Step 2.        Click the client to be redirected to Client 360 window then review the details.

Example Figure 69 and Figure 70 show the details for clients in the Client 360 window.

Assurance for Cisco SD-Access

Cisco SD-Access Assurance provisions telemetry subscriptions on devices operating in fabric roles to gather near real time assurance data. This capability requires the fabric devices to be configured for NETCONF, discovered with NETCONF, and to have Catalyst Center telemetry enabled.

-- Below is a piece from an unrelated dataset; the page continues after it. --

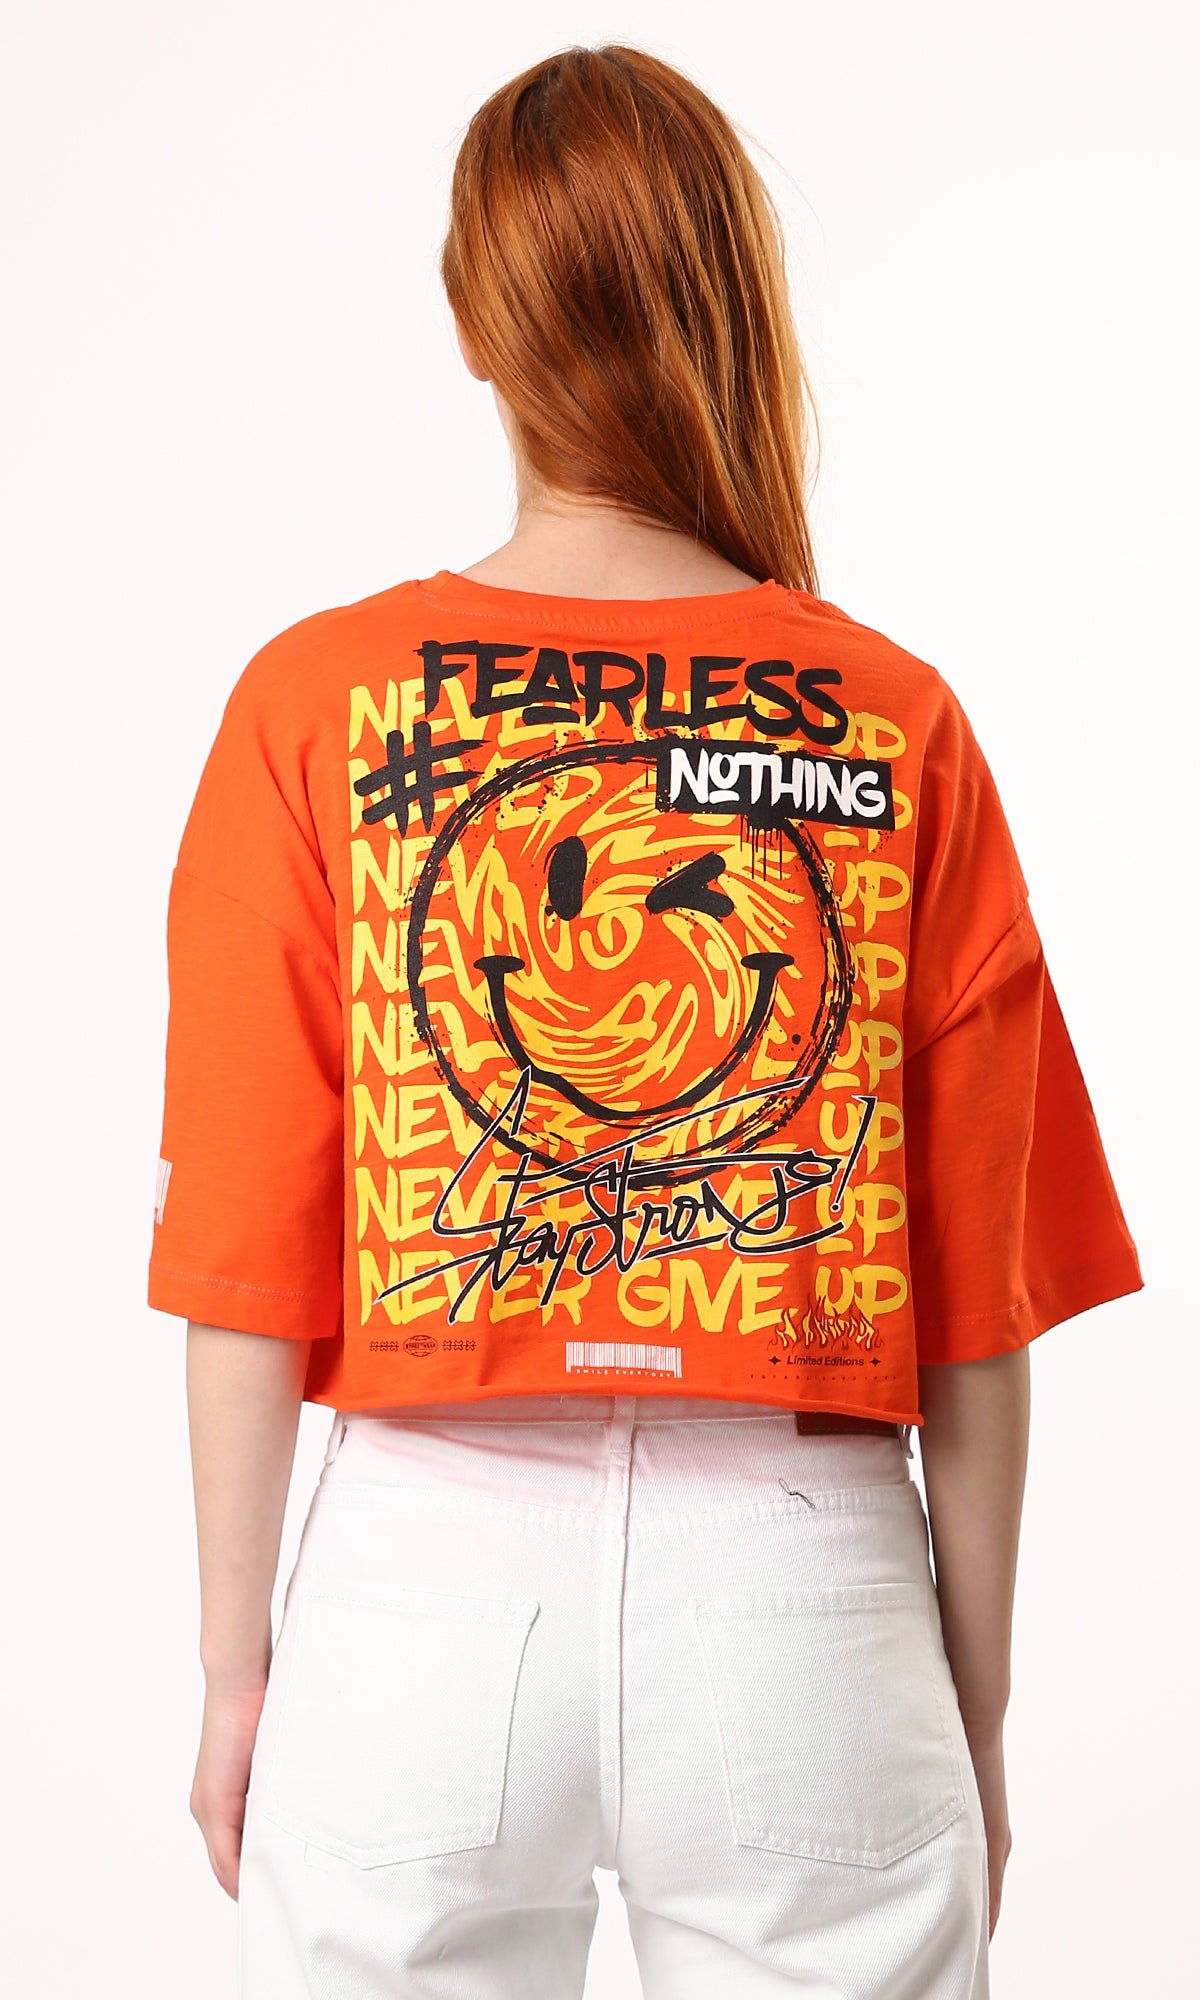 O180448 Printed "Fearless Nothing" Printed Loose Tee - Hot Orange

After a Catalyst Center upgrade, provision a new telemetry subscription on the devices.

Step 1.        From the top-left corner, click the menu icon and choose Provision > Inventory, if there are new telemetry subscriptions, a banner displays at the top of the Inventory window.

Step 2.        Click Apply Fix to push the new telemetry subscriptions. Catalyst Center automatically selects devices that need updating.

To check Cisco SD-Access health in Assurance:

Step 1.        From the top-left corner, click the menu icon and choose Assurance > Health then click the SD‑Access tab.

Top 10 issues display if any must be addressed. The issues are color coded and sorted by their preassigned priority level, starting with P1.

Step 2.        Click an issue to open a slide-in pane with additional details about the issue type.

Step 3.        From the slide-in pane, click an issue instance where, as required, you can:

●     To resolve the issue, choose Status > Resolve.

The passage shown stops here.